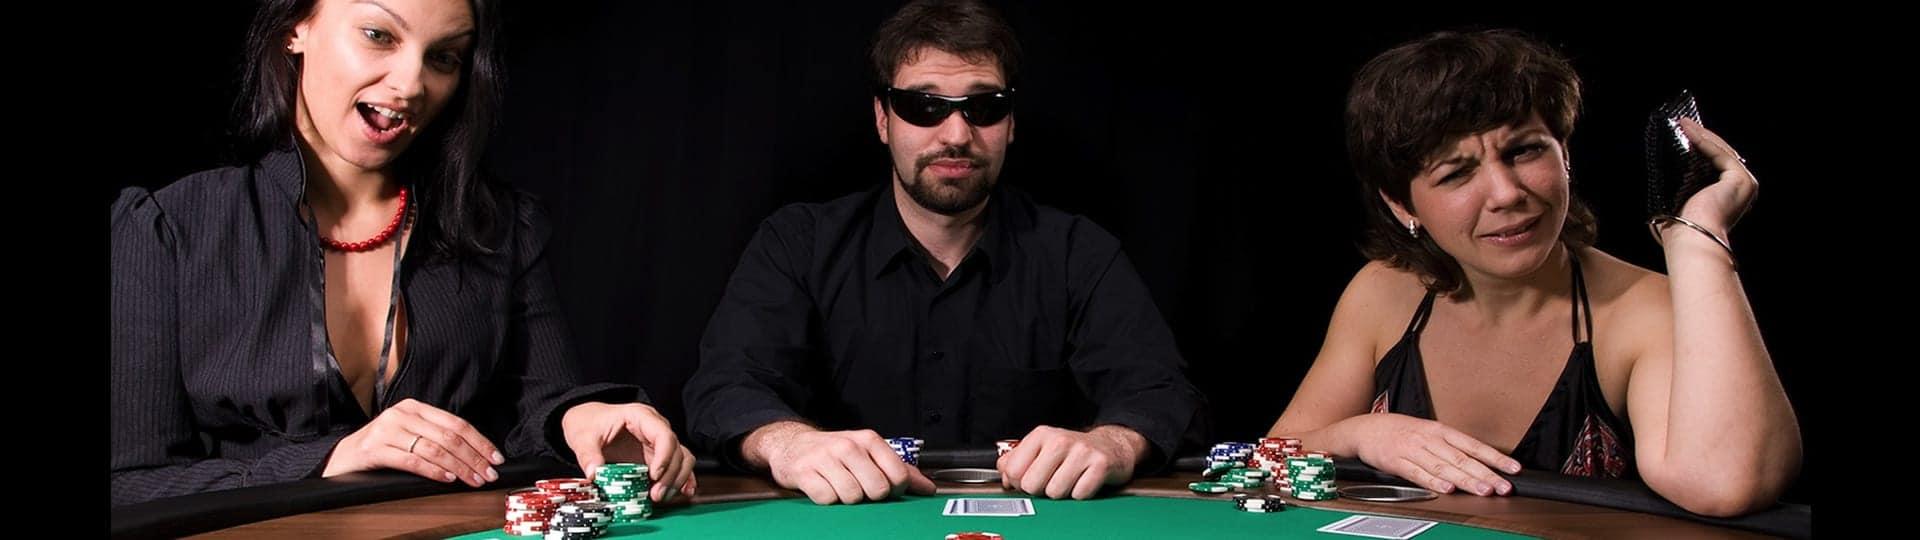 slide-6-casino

--

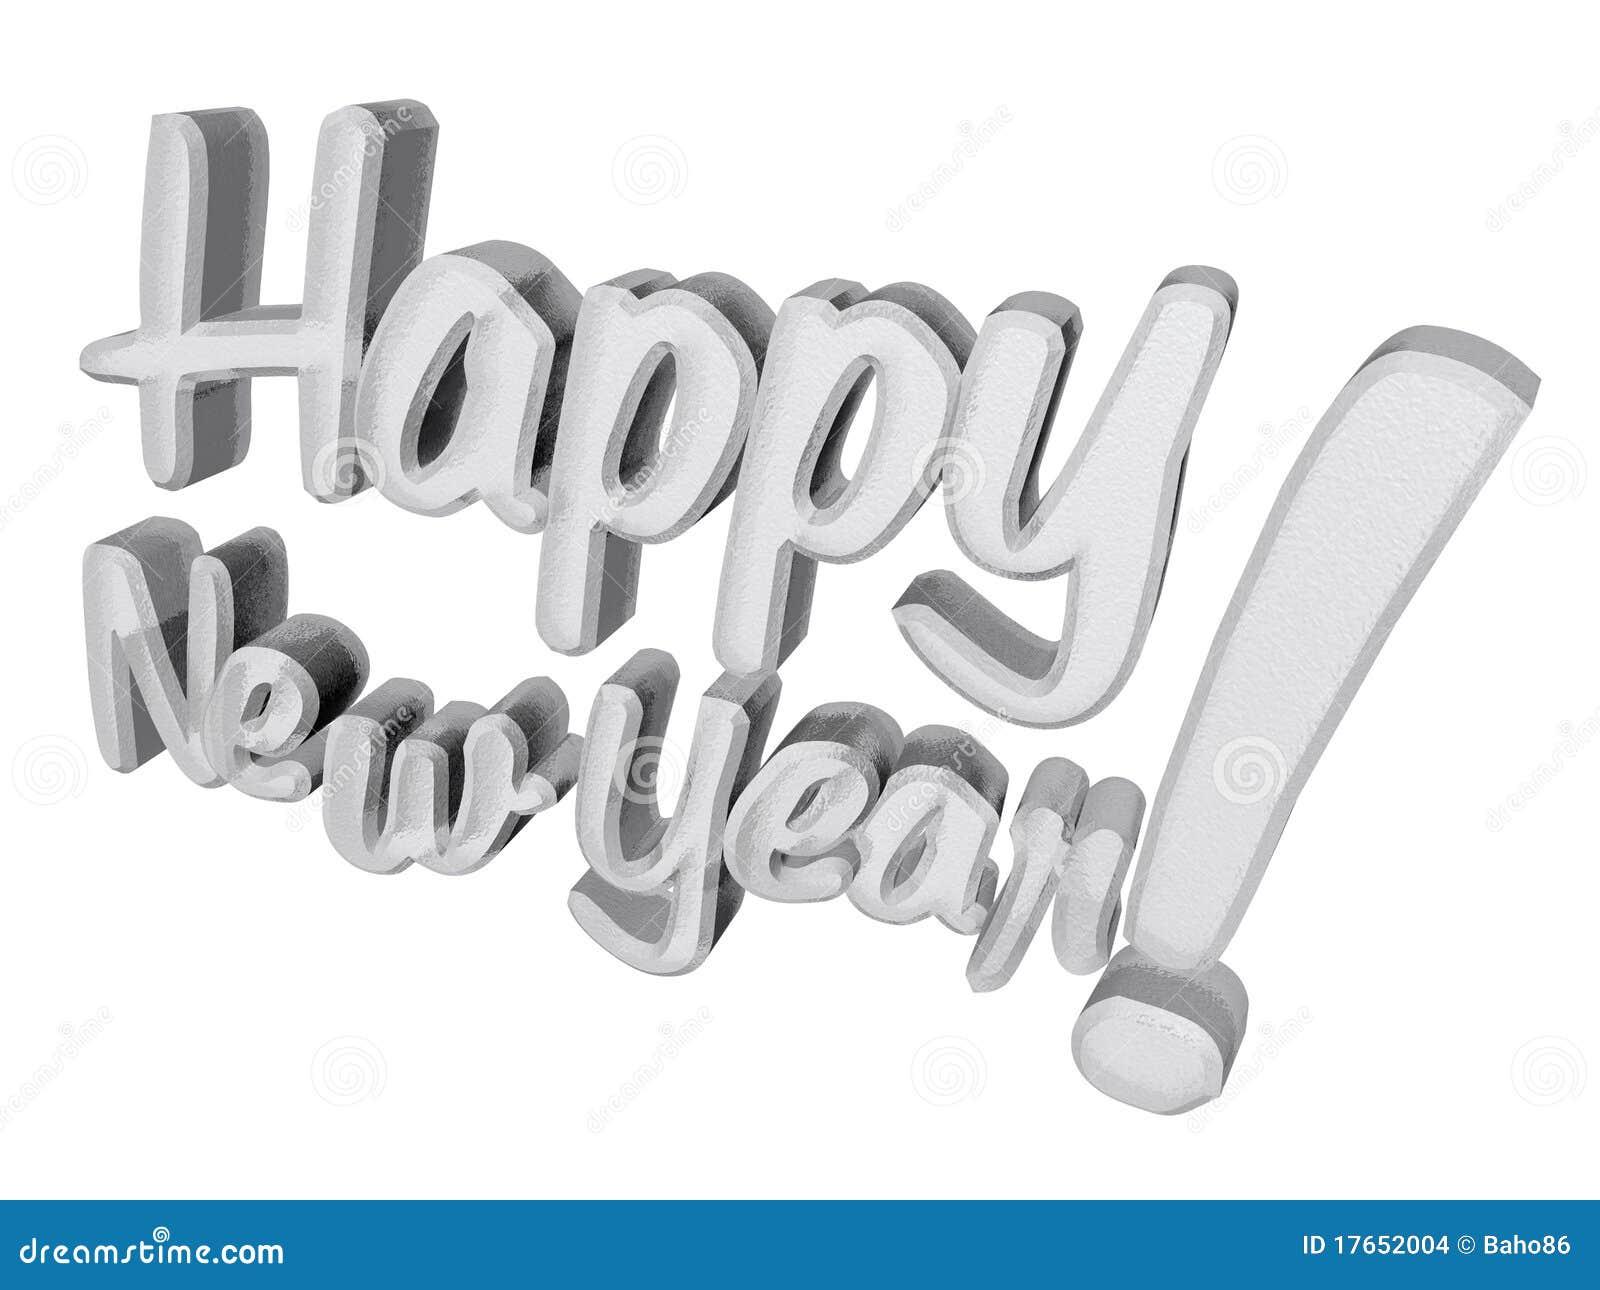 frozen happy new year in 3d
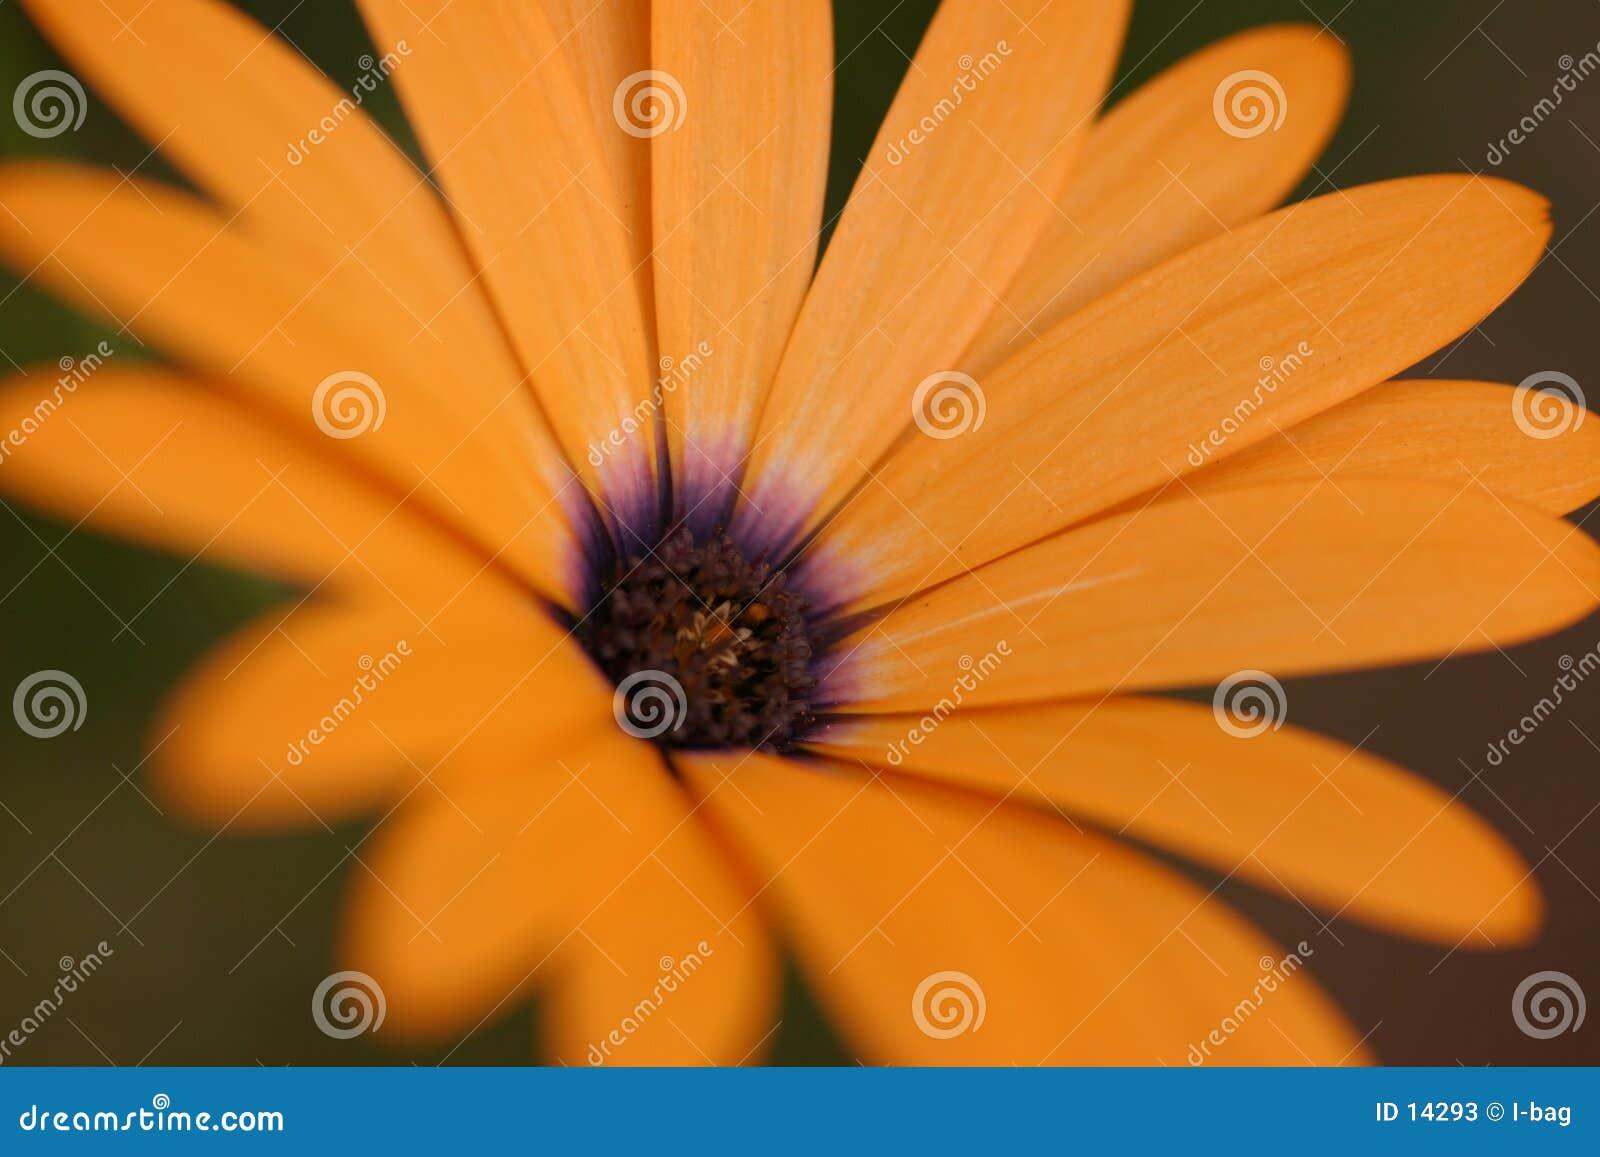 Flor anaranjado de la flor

---

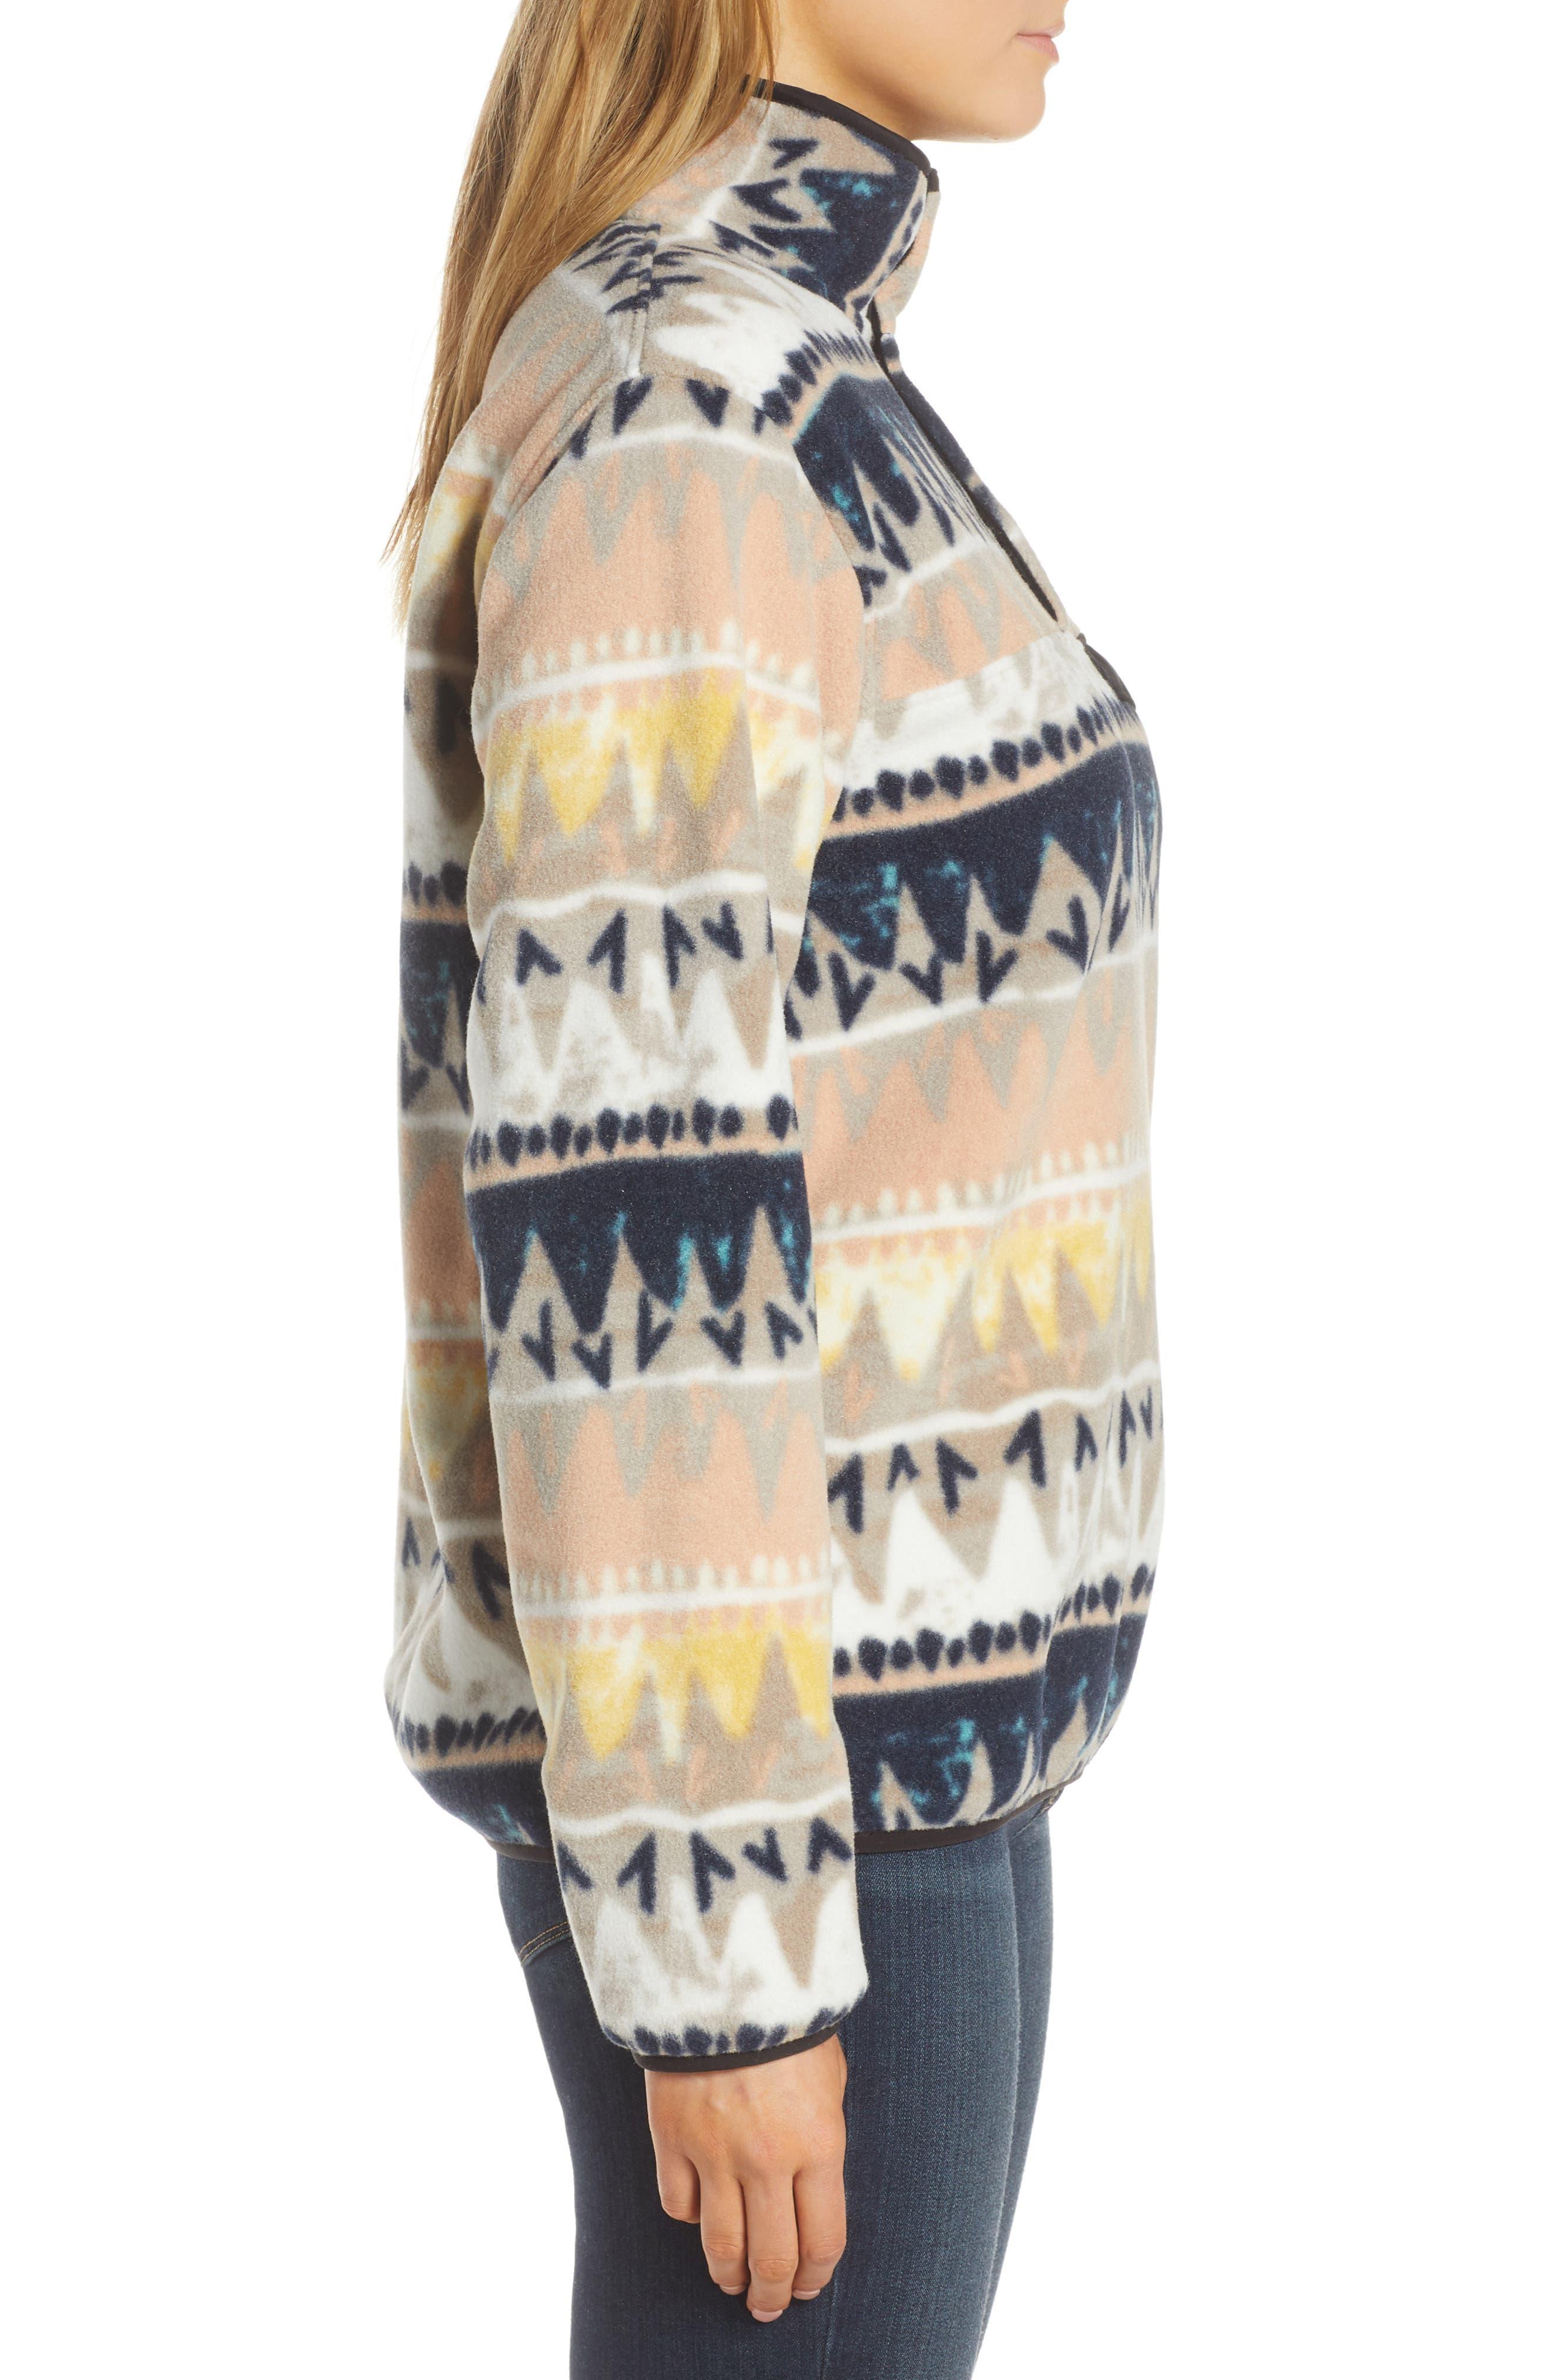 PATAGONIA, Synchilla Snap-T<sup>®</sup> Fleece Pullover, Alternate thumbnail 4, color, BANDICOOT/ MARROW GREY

_Your task_
Repeat exactly the lines above, beginning at the one containing "frozen happy new year in 3d" and ending at the one containing "Flor anaranjado de la flor". Do not carry over any pictures.

_Solution for this exercise_
 frozen happy new year in 3d
 Flor anaranjado de la flor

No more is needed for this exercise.